Assignment: Return the stretch from the line with "Bán xe Mazda" through the line with "Ειδυλλιακές διακοπές σε" in the data below, character for character, skipping all pictures.

Data supplied:
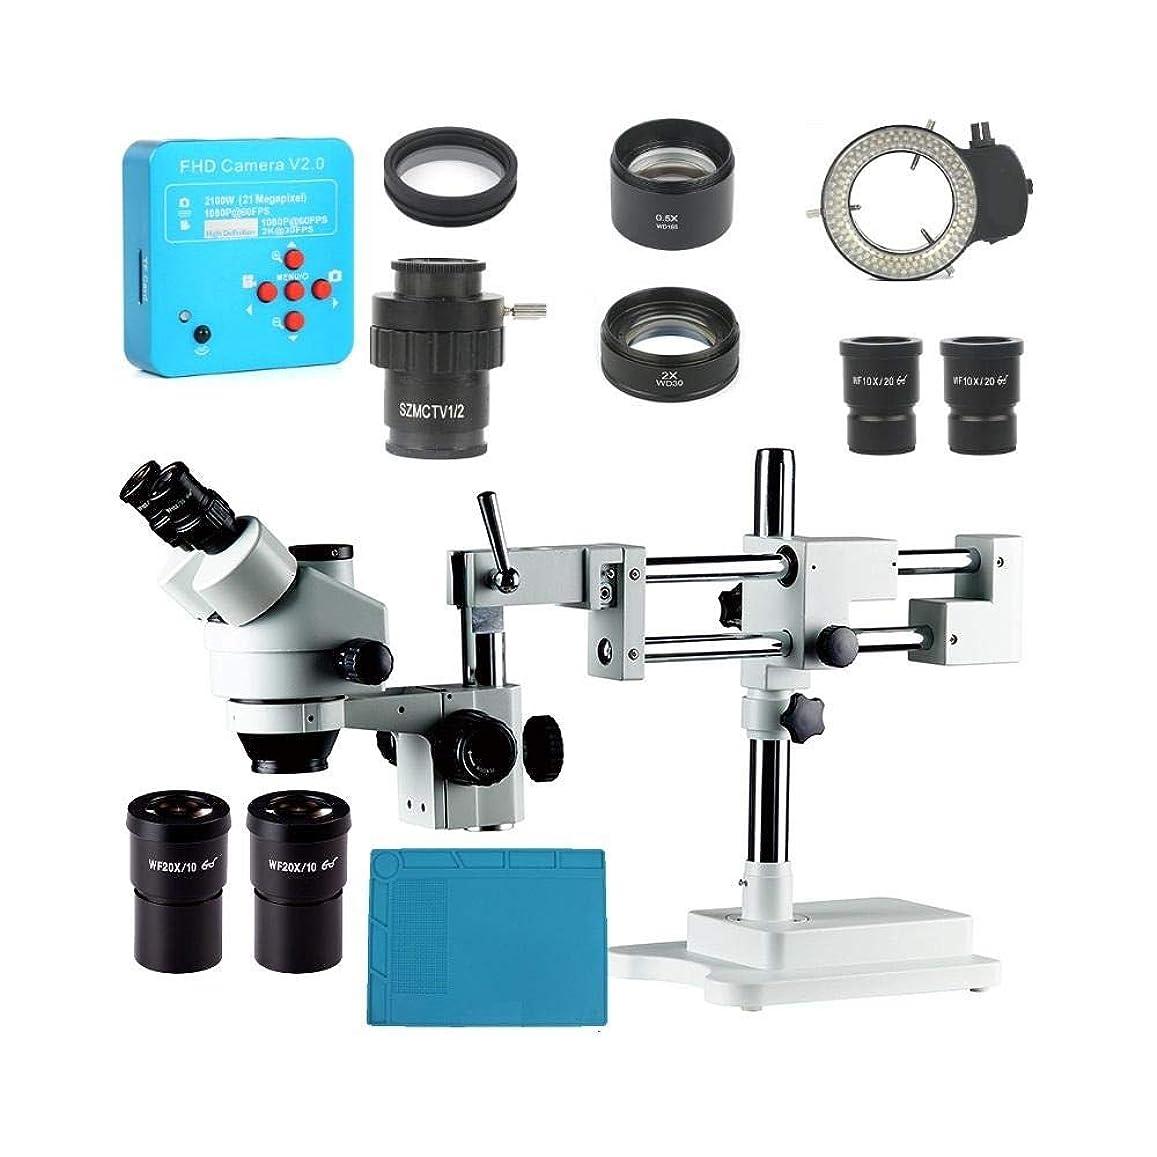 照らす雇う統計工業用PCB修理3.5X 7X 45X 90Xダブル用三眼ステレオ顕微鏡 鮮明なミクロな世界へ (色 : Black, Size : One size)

---

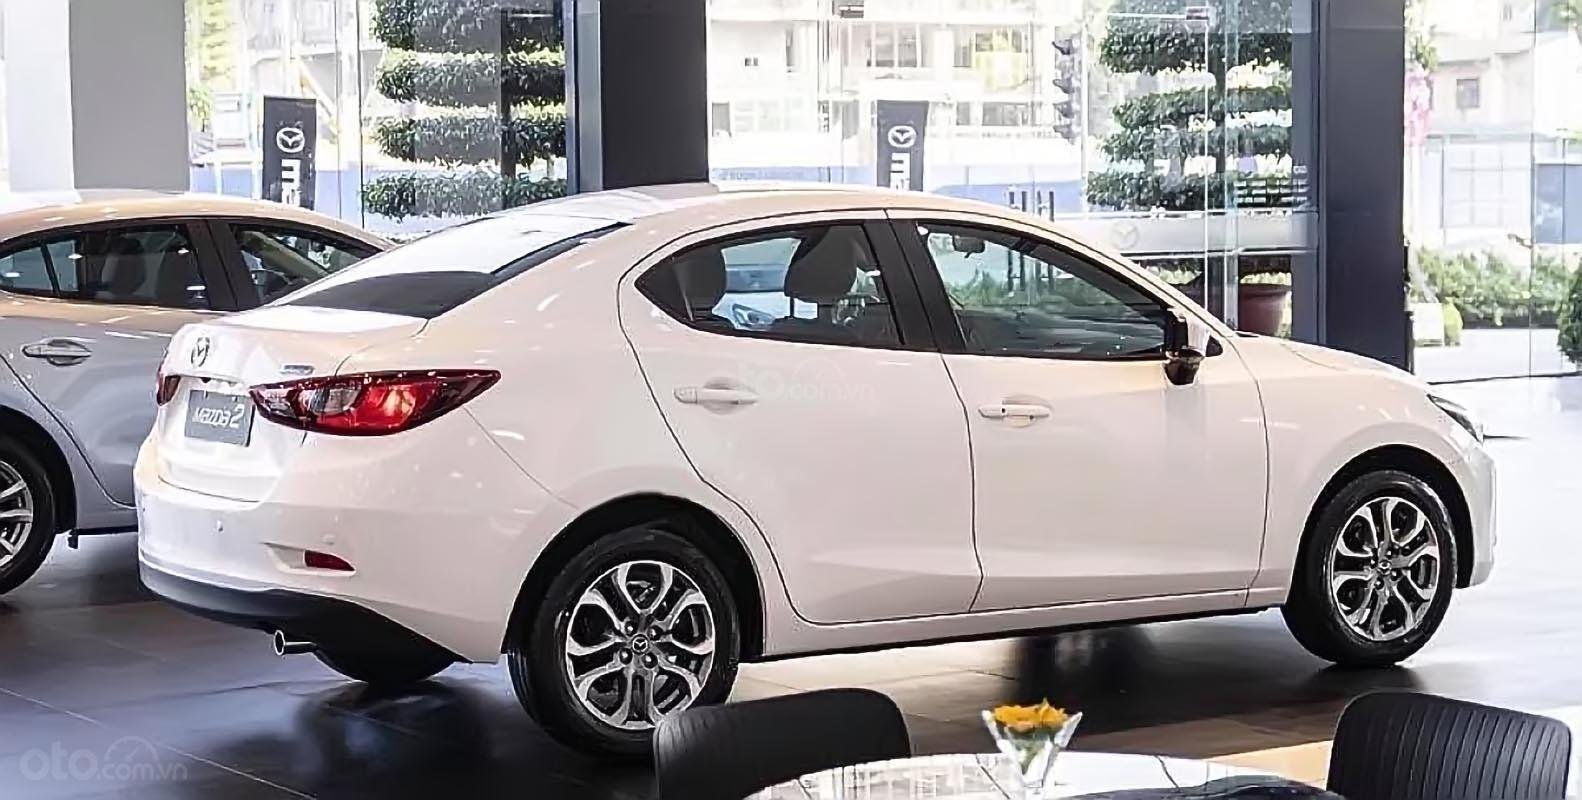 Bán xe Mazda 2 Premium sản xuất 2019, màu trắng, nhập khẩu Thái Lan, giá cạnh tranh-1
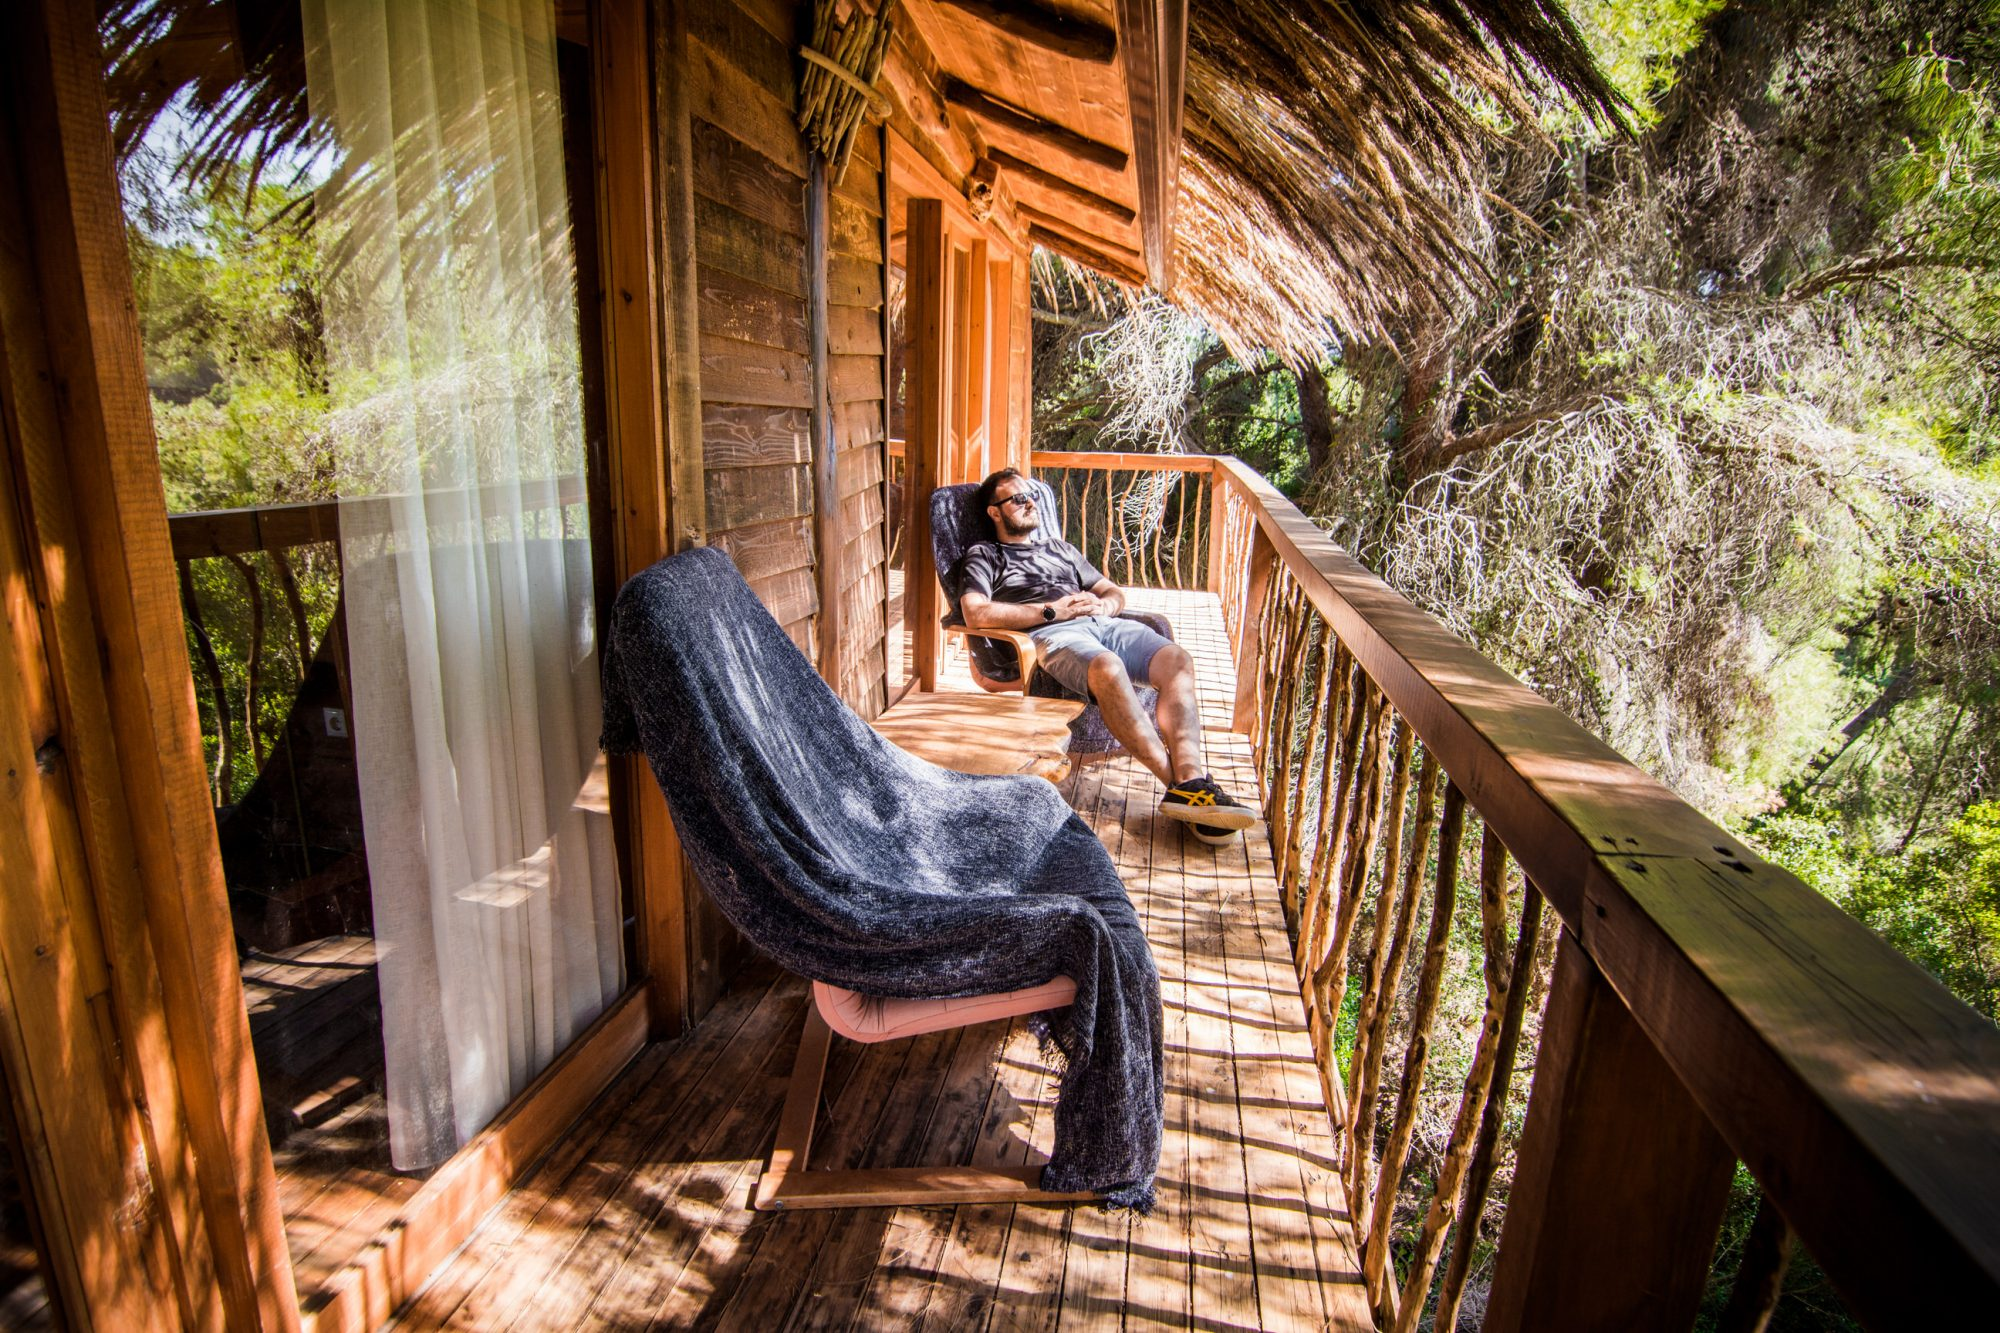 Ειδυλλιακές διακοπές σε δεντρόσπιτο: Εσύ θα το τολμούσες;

Solved problem:
 Bán xe Mazda 2 Premium sản xuất 2019, màu trắng, nhập khẩu Thái Lan, giá cạnh tranh-1
 Ειδυλλιακές διακοπές σε δεντρόσπιτο: Εσύ θα το τολμούσες;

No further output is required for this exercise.